(Beginning of Source material)
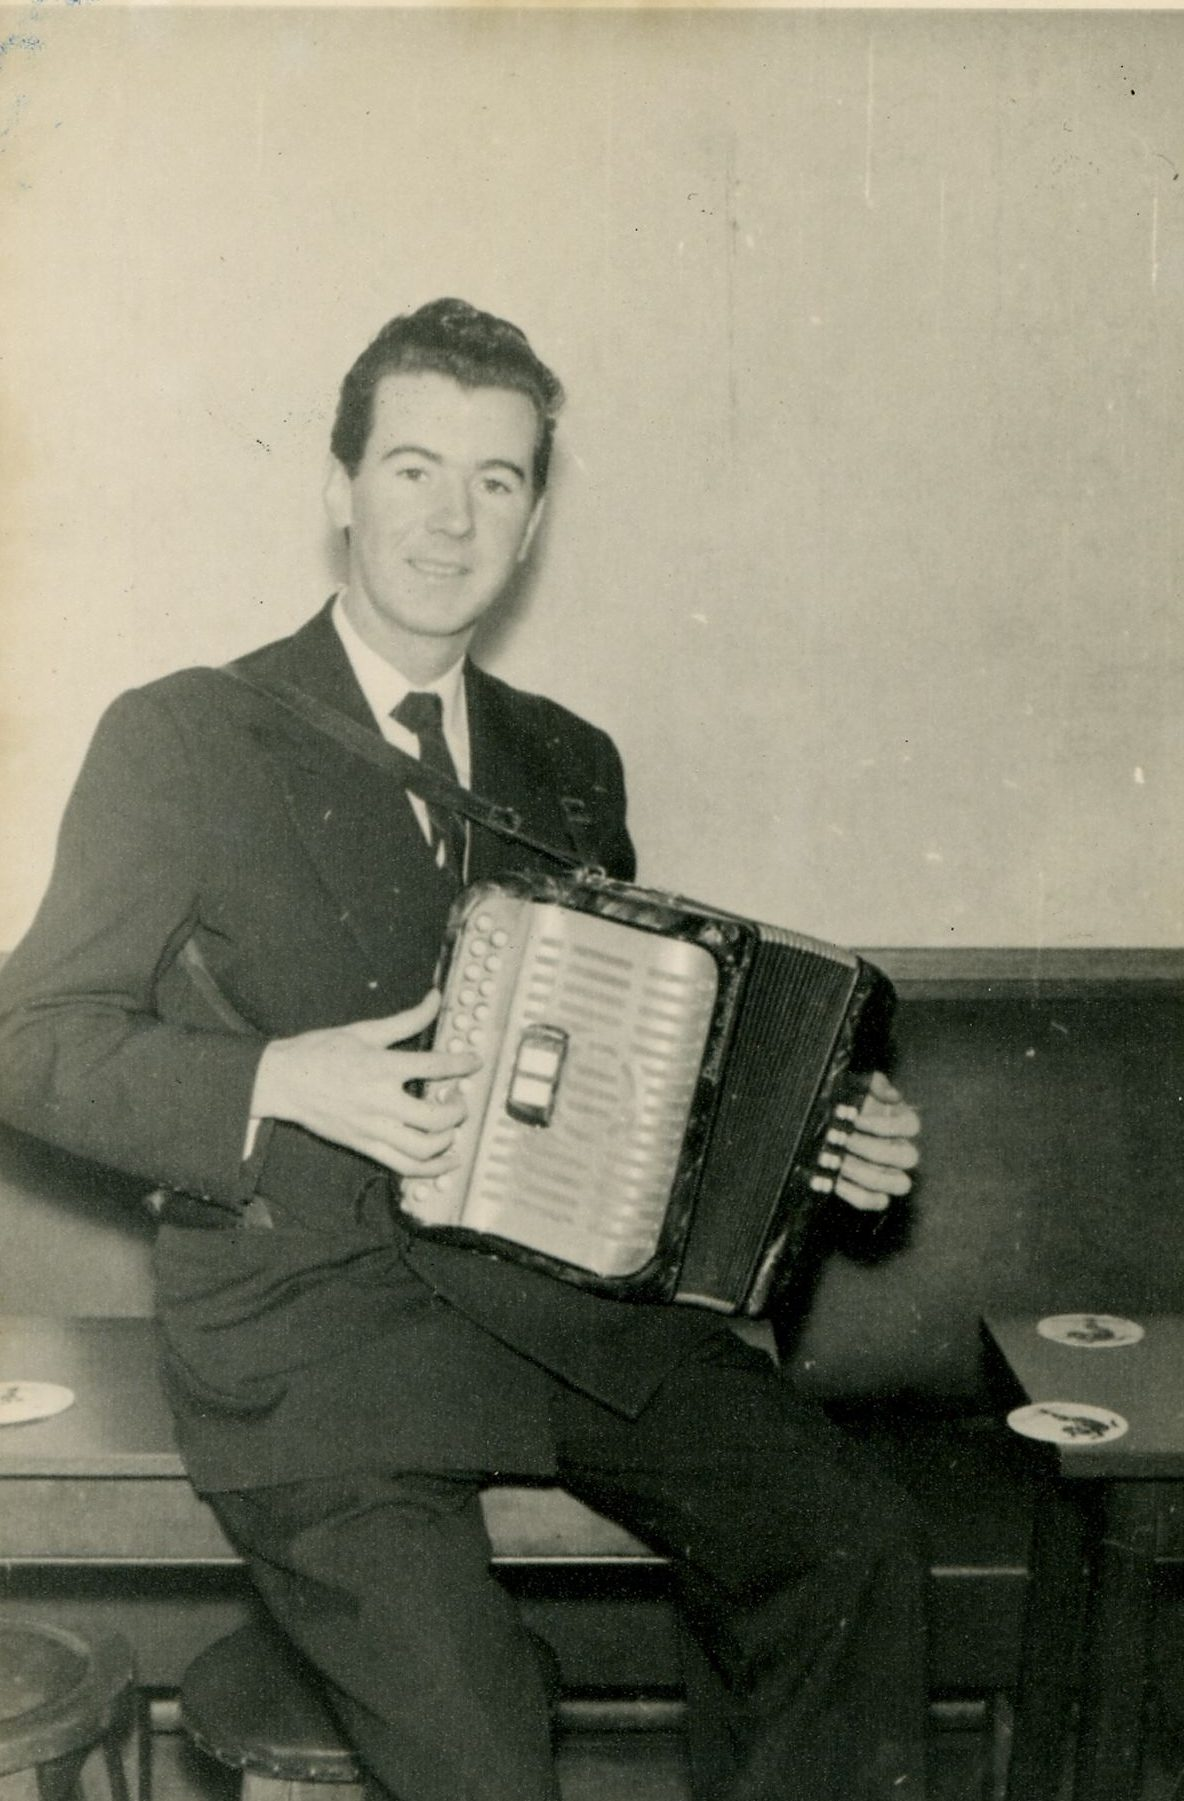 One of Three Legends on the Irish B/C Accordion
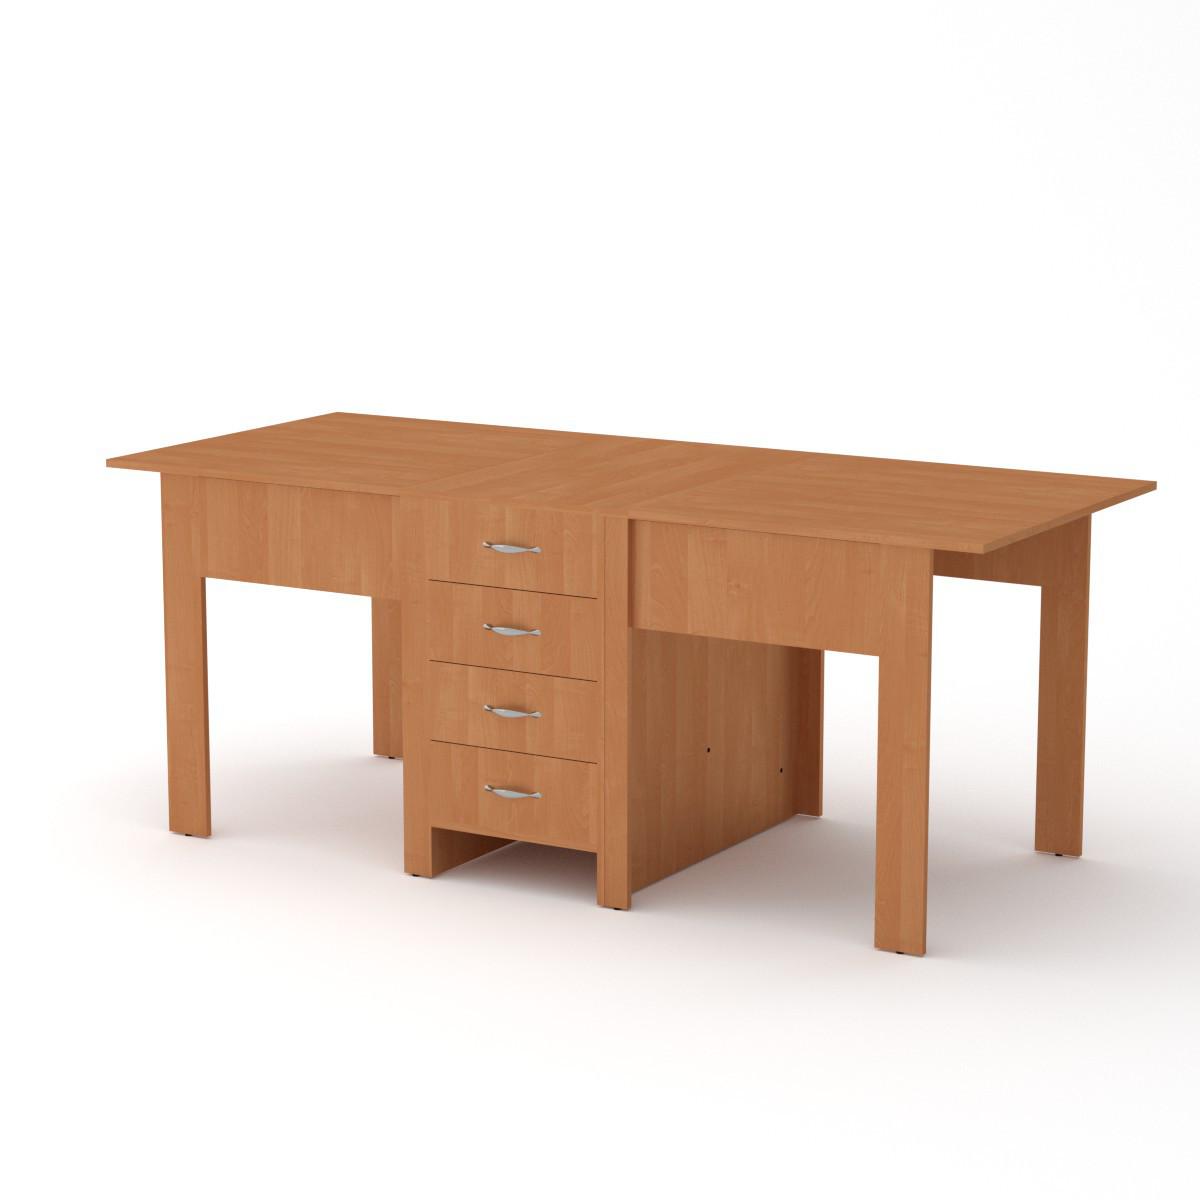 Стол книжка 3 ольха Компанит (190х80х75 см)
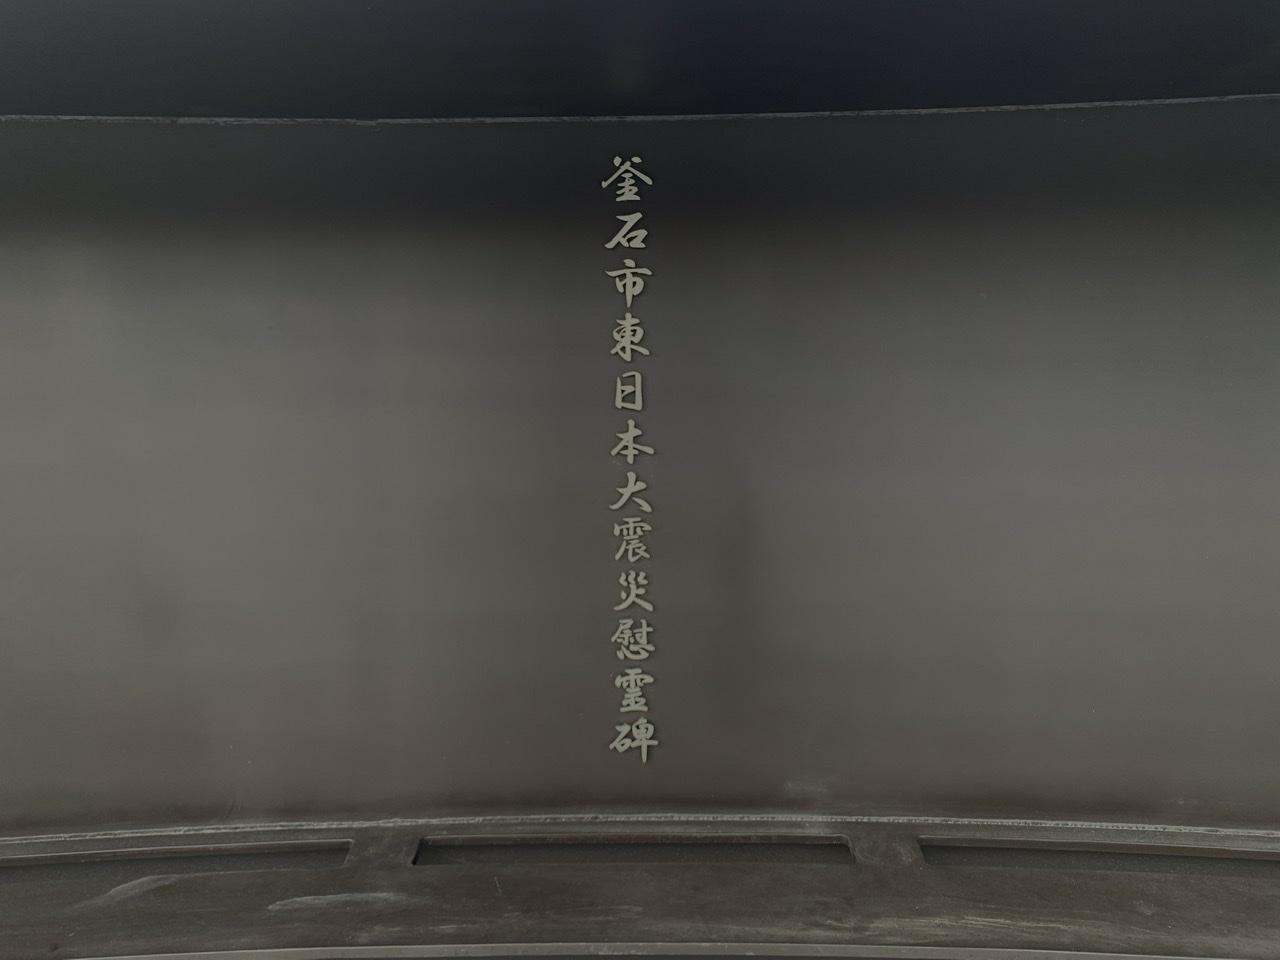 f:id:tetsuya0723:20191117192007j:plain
(End of Source material)
**What is expected**
Reproduce the data exactly as it appears above. Pictures are to be left out.

**Completed task**
 One of Three Legends on the Irish B/C Accordion
 Стол книжка 3 ольха Компанит (190х80х75 см)
 f:id:tetsuya0723:20191117192007j:plain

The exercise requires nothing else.